First, the processing unit 21 calculates a value of a combined value n ₀ (t) of angular velocities at each time t using the acquired angular velocity data (angular velocity data for each time t) (S300). For example, assuming that the angular velocity data at time t is x (t), y (t), z (t), the synthesized value n ₀ (t) of the angular velocity is calculated by the following equation (14).

Next, the processing unit 21 converts the combined value n ₀ (t) of angular velocities at each time t into a combined value n (t) normalized (scale converted) to a predetermined range (S310). For example, assuming that the maximum value of the combined value of angular velocities in the measurement data acquisition period is max (n ₀ ), the combined value of angular velocities n ₀ (t) is normalized to a range of 0 to 100 by the following equation (15). Is converted into the synthesized value n (t).

  Next, the processing unit 21 calculates a differential dn (t) of the composite value n (t) after normalization at each time t (S320). For example, if the measurement period of the triaxial angular velocity data is Δt, the differential (difference) dn (t) of the synthesized value of angular velocity at time t is calculated by the following equation (16).
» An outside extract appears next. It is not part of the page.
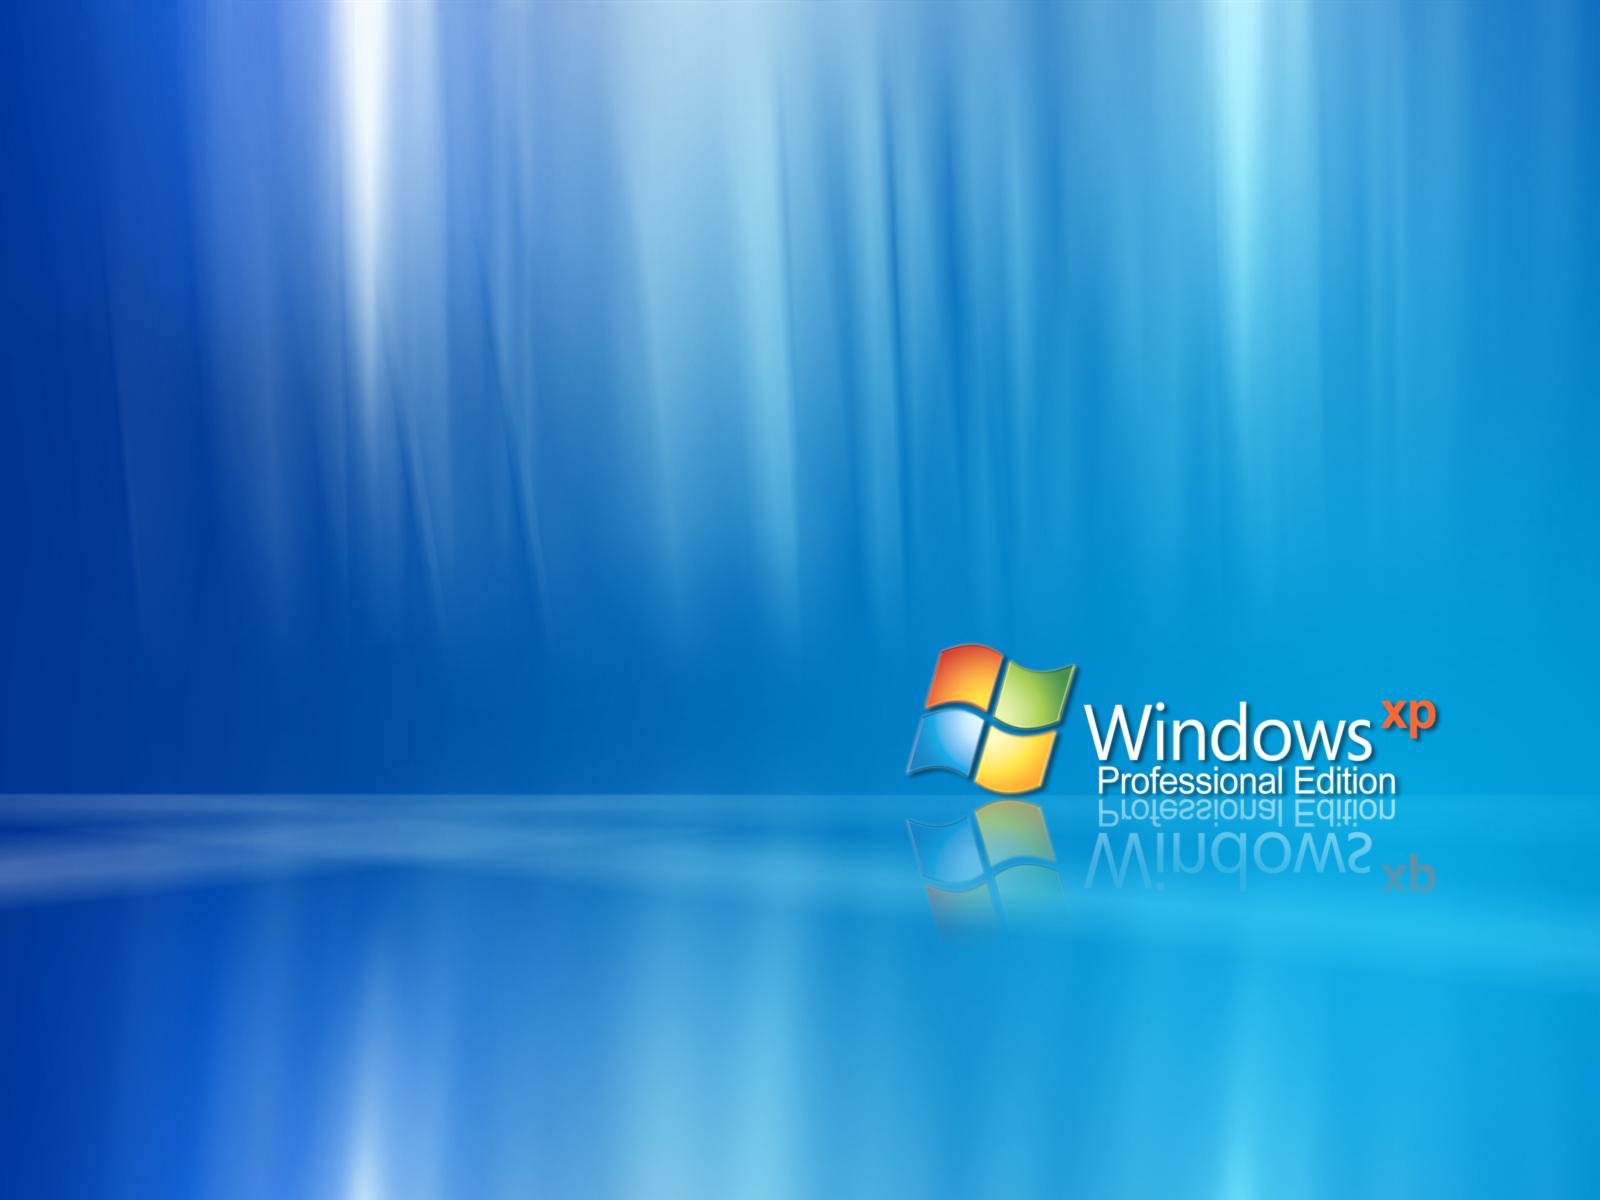 Live Wallpaper Windows Xp Sf
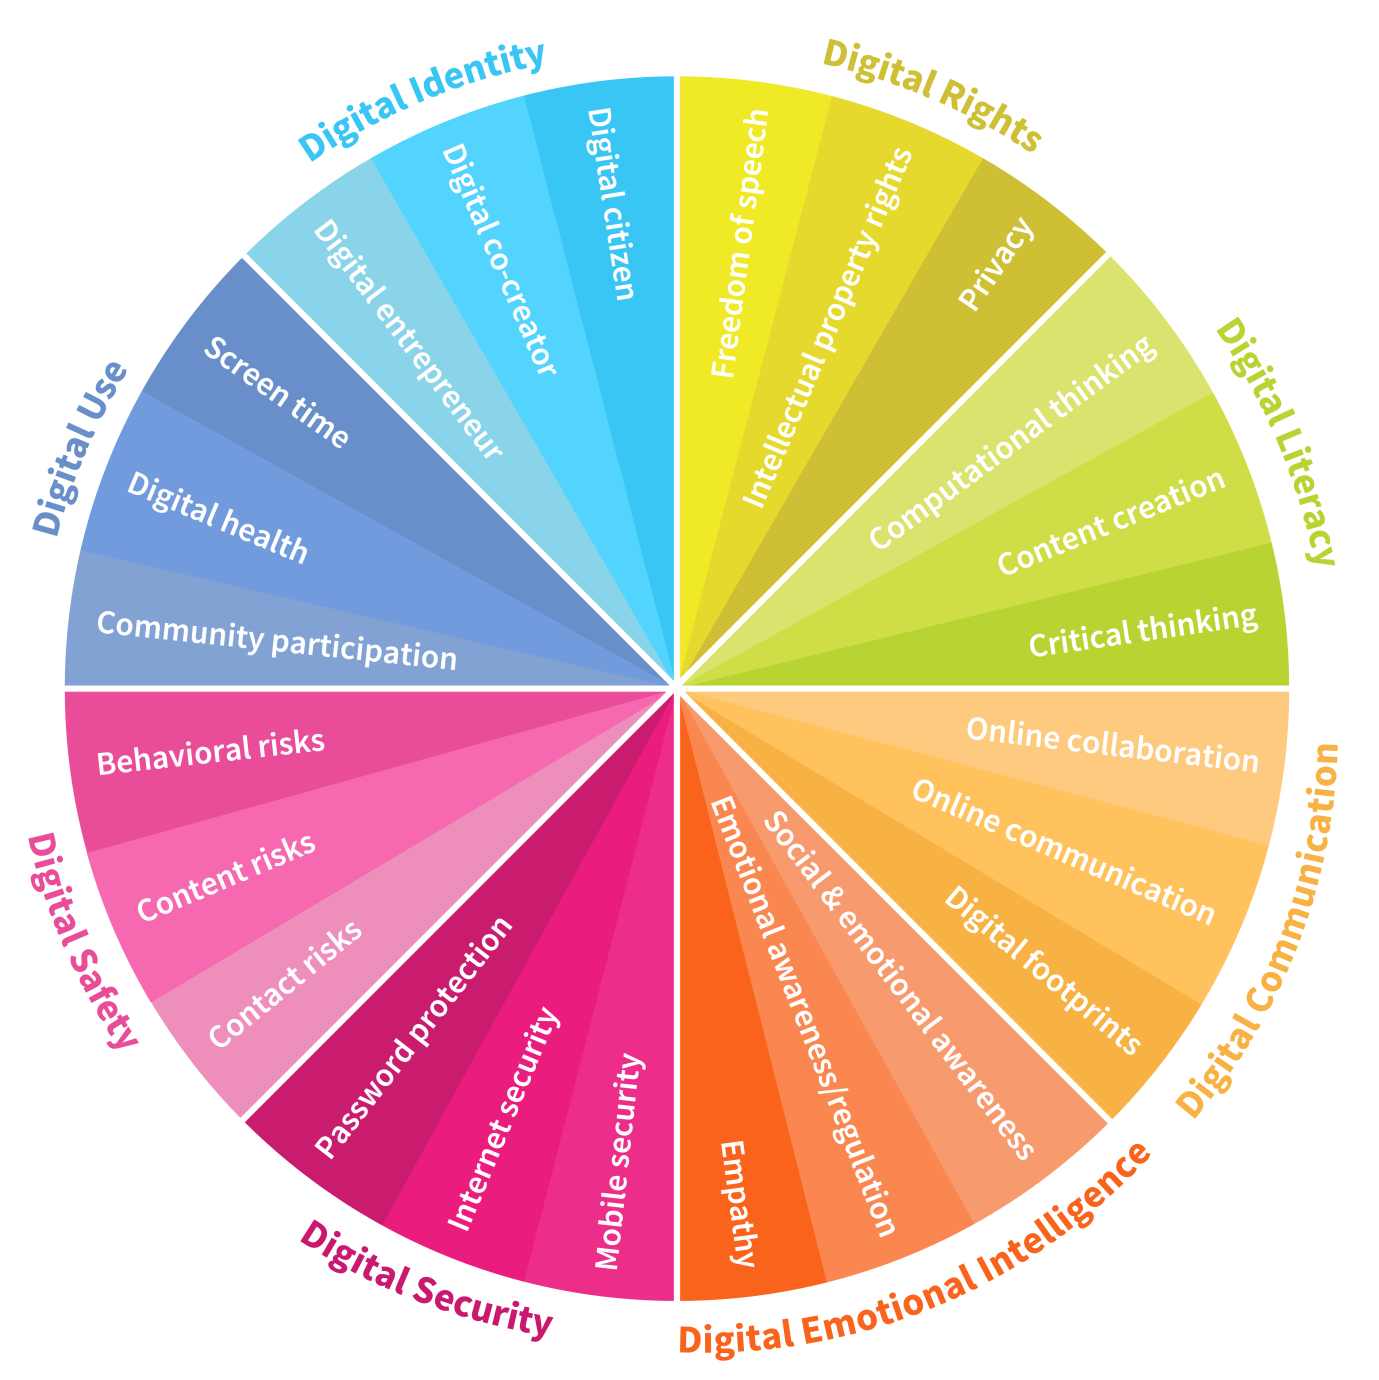 8 digital skills we must teac

  Finally, the processing unit 21 detects the previous time as the hit ball timing among the time when the value of the differential dn (t) of the combined value is maximum and minimum (S330). In a normal golf swing, it is considered that the swing speed becomes maximum at the moment of hitting. Since the combined value of the angular velocities is considered to change according to the swing speed, the timing at which the differential value of the combined angular velocity value becomes maximum or minimum in a series of swing motions (ie, the differential of the combined angular velocity value). The timing at which the value reaches the maximum positive value or the minimum negative value) can be regarded as the timing of the hit ball (impact). Since the golf club 3 is vibrated by the hit ball, it is considered that the timing at which the differential value of the combined value of the angular velocities is the maximum and the timing at which the differential is the minimum occurs. Conceivable.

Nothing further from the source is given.